:: WHAT YOU NEED TO DO ::
Please output every line of the material as it stands, without the pictures.

:: PROVIDED MATERIAL ::
-*-*-

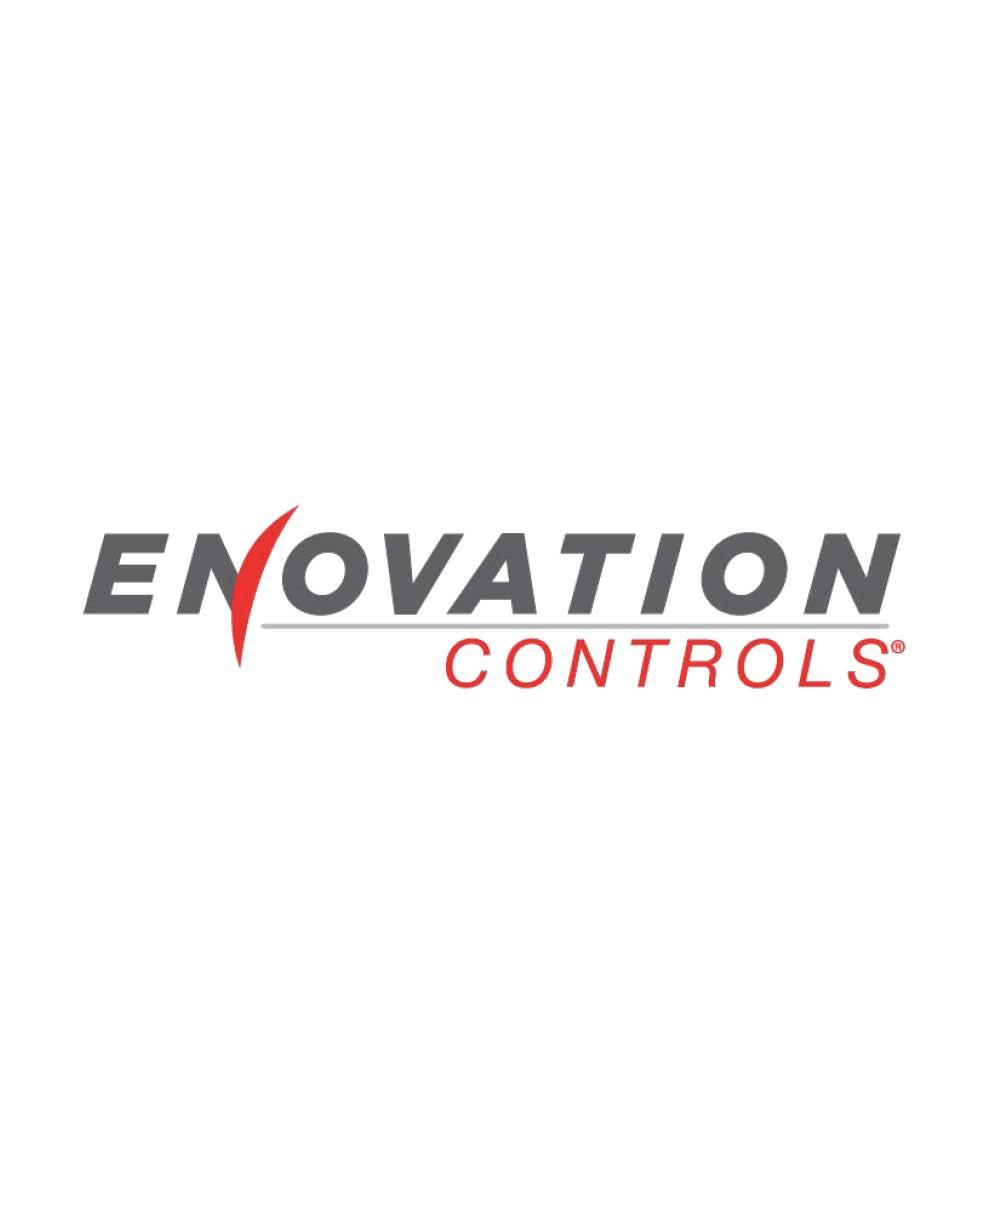 Enovation Controls Logo .jpg
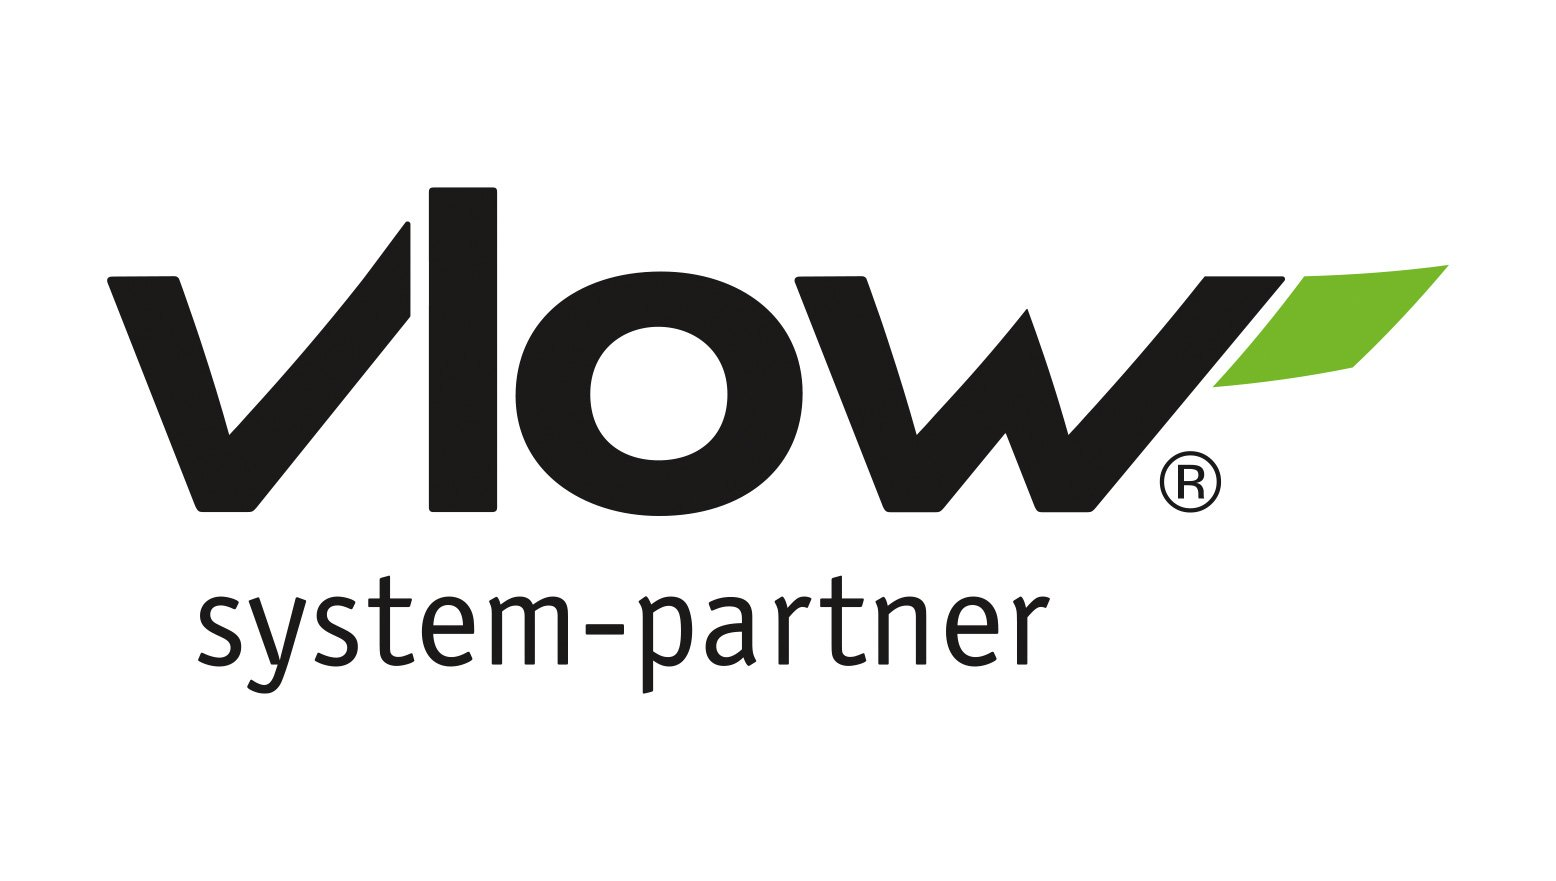 vlow system partner
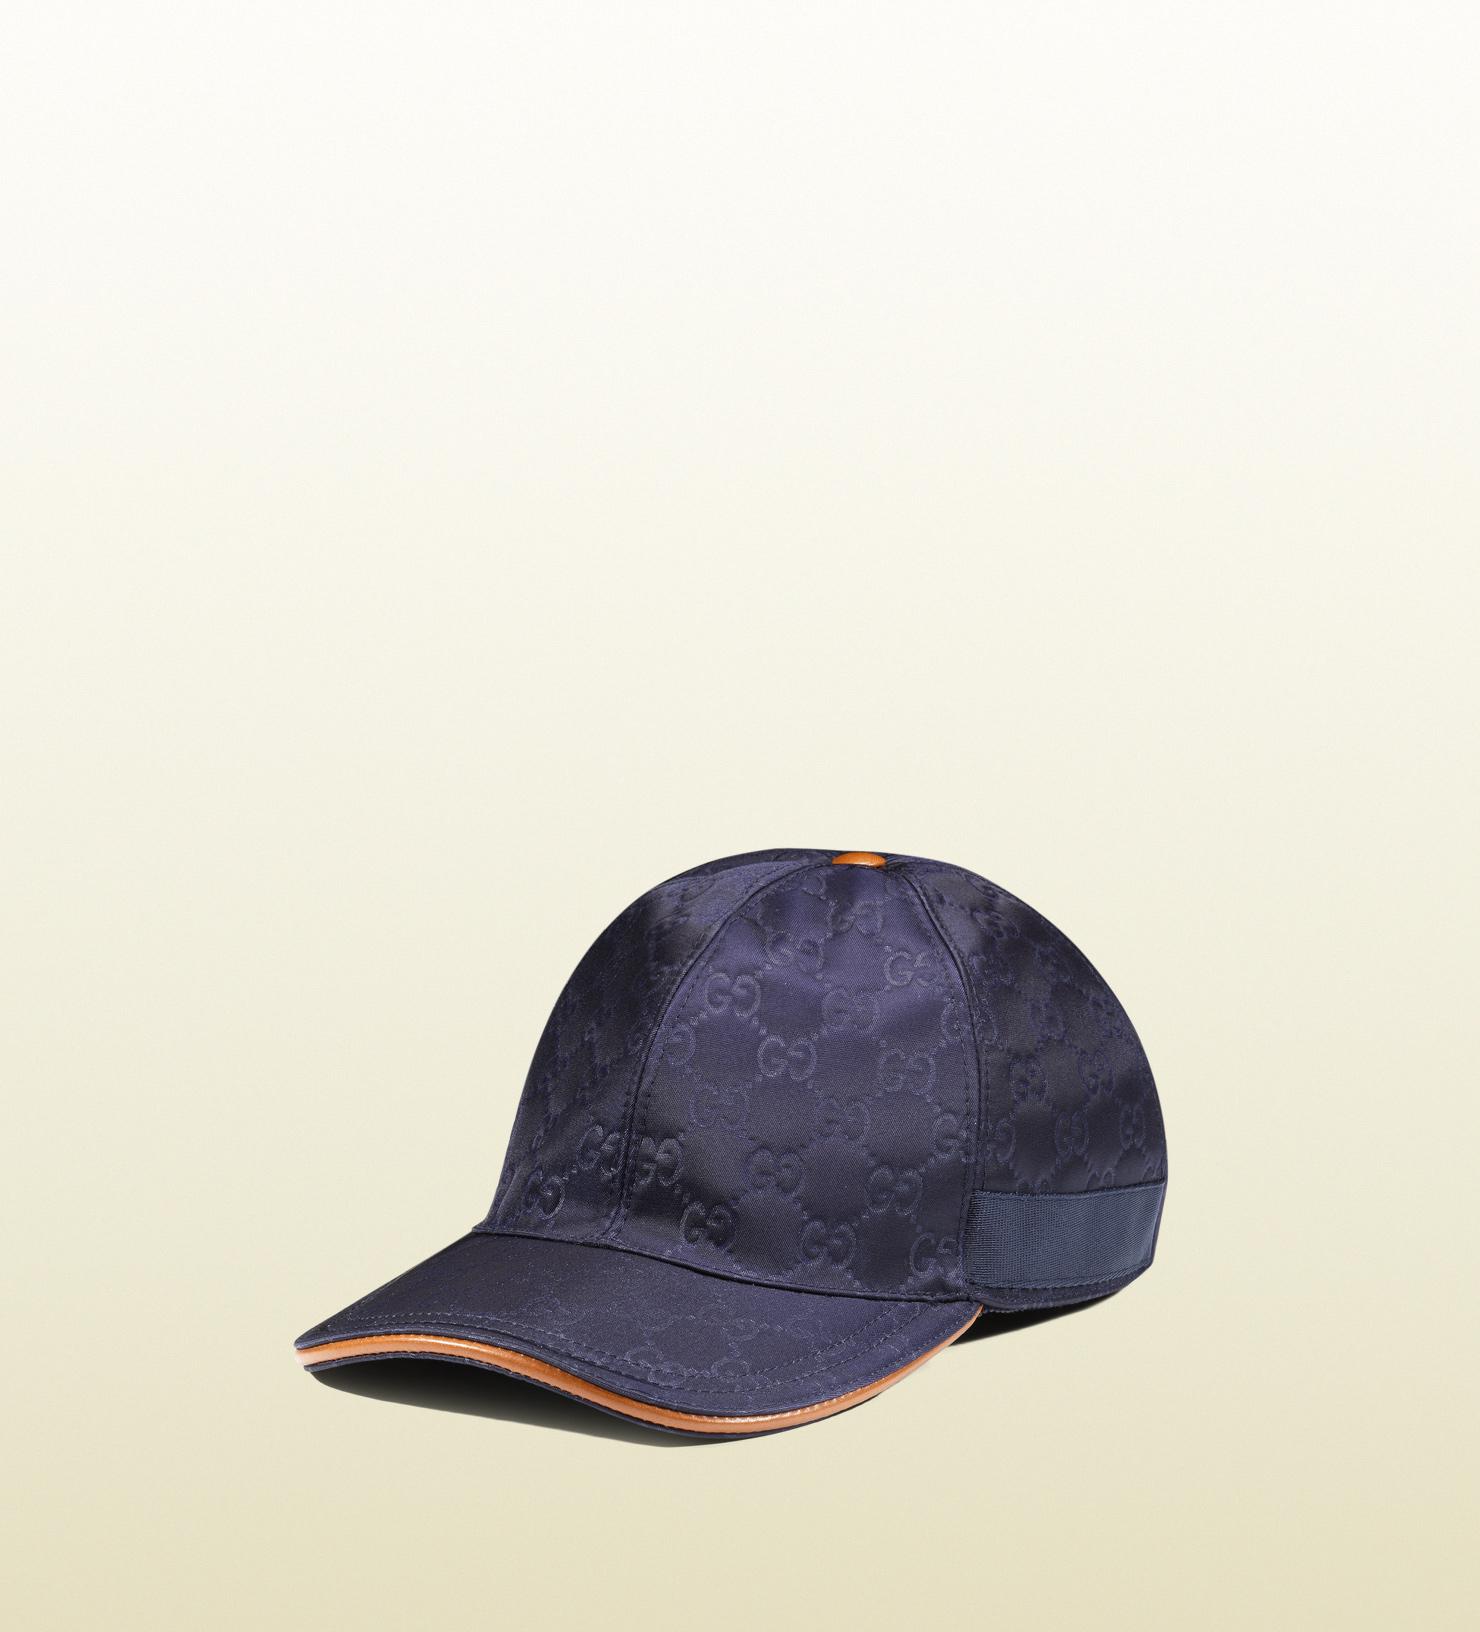 0f350d72 Men's Blue Gg Pattern Baseball Hat with Web Detail

-*-*-

:: RESPONSE ::
 Enovation Controls Logo .jpg
 vlow system partner
 0f350d72 Men's Blue Gg Pattern Baseball Hat with Web Detail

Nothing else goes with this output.